Suppose the vertical part of the trunk is $a$ and the slanted part is $b$, where $a$ and $b$ are in metres, as shown below.

Then $a+b=16$, and $a$, $b$ and 8 are the sides of a right-angled triangle with hypotenuse $b$, so $a^2+8^2=b^2$.

This gives us the simultaneous equations $a+b=16$ and $a^2+64=b^2$.

Since we want $a$, it is sensible to make $b$ the subject of one of the equations and then substitute that into the other one.

$a+b=16$, so $b=16-a$.

Substituting that into the other equation gives $$\begin{align}a^2+64&=\left(16-a\right)^2\\

a^2+64&=256-32a+a^2\\

64&=256-32a\\

32a&=256-64\\

32a&=192\\

a&=6\end{align}$$

So the height of the part of the trunk that is still standing is 6 metres.

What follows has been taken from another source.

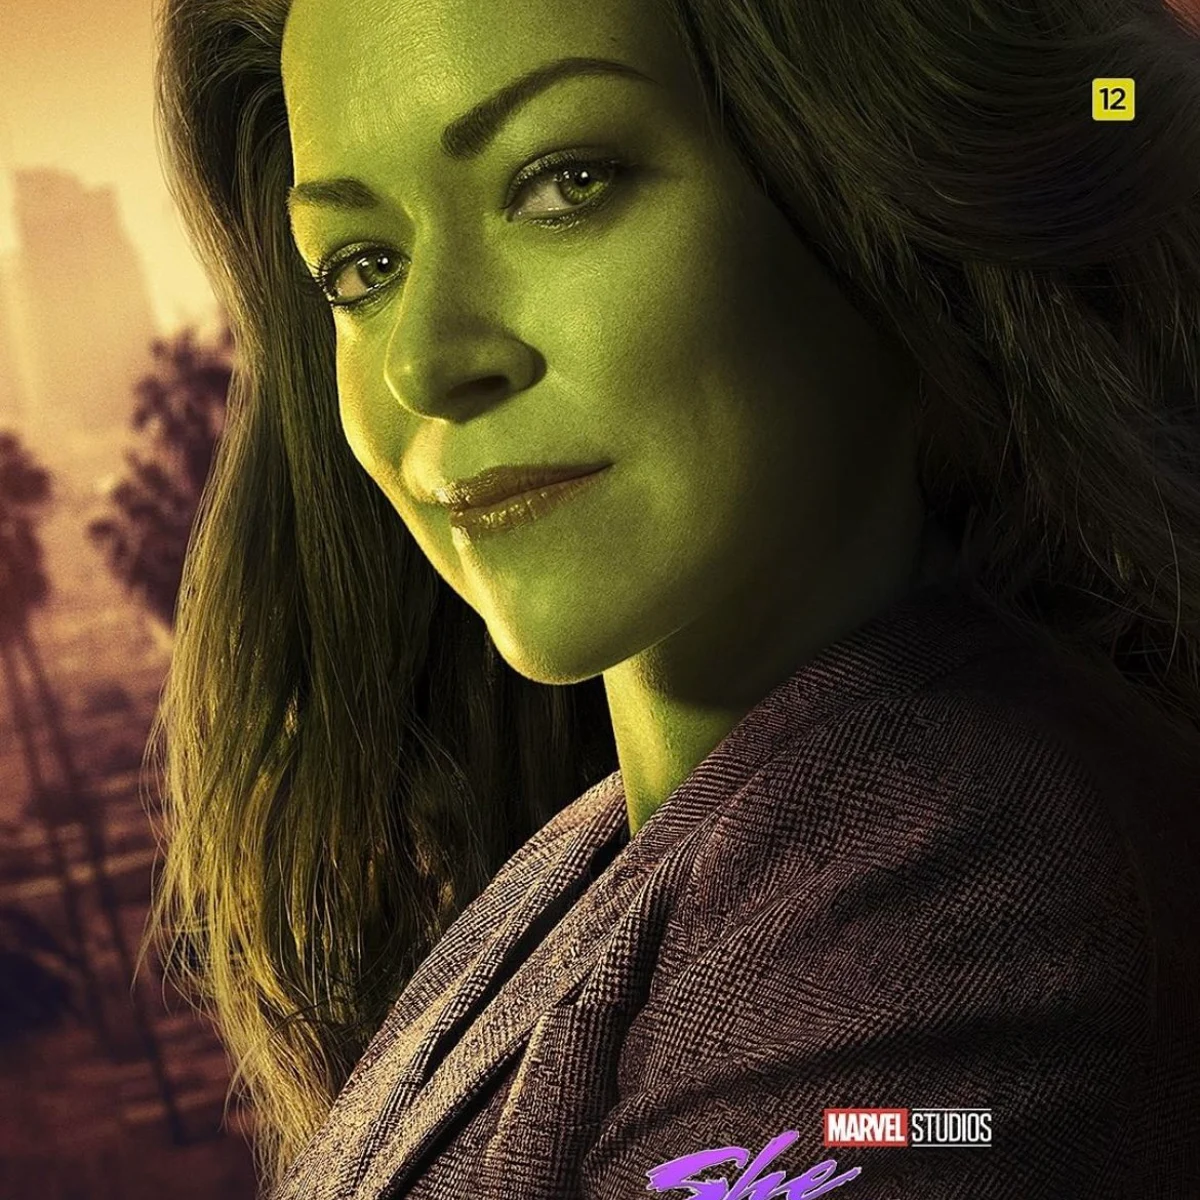 She-Hulk: Abogada Hulka – Serie Disney Plus – Crítica – Una broma sin  gracia y otro fracaso de Marvel – Ocio World

Since we want $a$, it is sensible to use substitution to remove $b$ from the equations. As $b^2$ is already the subject of the second equation, we could also make $b^2$ the subject of the first equation, and then equate them.

$$\begin{align}a+b&=16\\

b&=16-a\\

b^2&=\left(16-a\right)^2\\

b^2&=256-32a+a^2\end{align}$$

But from the second equation, $b^2=a^2+64$, so

$$\begin{align}a^2+64&=256-32a+a^2\\

64&=256-32a\\

32a&=256-64\\

32a&=192\\

a&=6\end{align}$$

So the height of the part of the trunk that is still standing is 6 metres.

The total length of the trunk of the palm tree was 16 metres, so if the height of the part that is still standing is $h$, where $h$ is in metres, then the slanted section must be 16$-h$. This is labelled in the diagram below.

The three lengths labelled in the diagram form a right-angled triangle with hypotenuse $16-h$, so $h^2+8^2=\left(16-h\right)^2$ by Pythagoras.

Solving for $h$,

$$\begin{align}h^2+8^2&=\left(16-h\right)^2\\

h^2+64&=256-32h+h^2\\

64&=256-32h\\

32h&=256-64\\

32h&=192\\

h&=6\end{align}$$

So the height of the part of the trunk that is still standing is 6 metres.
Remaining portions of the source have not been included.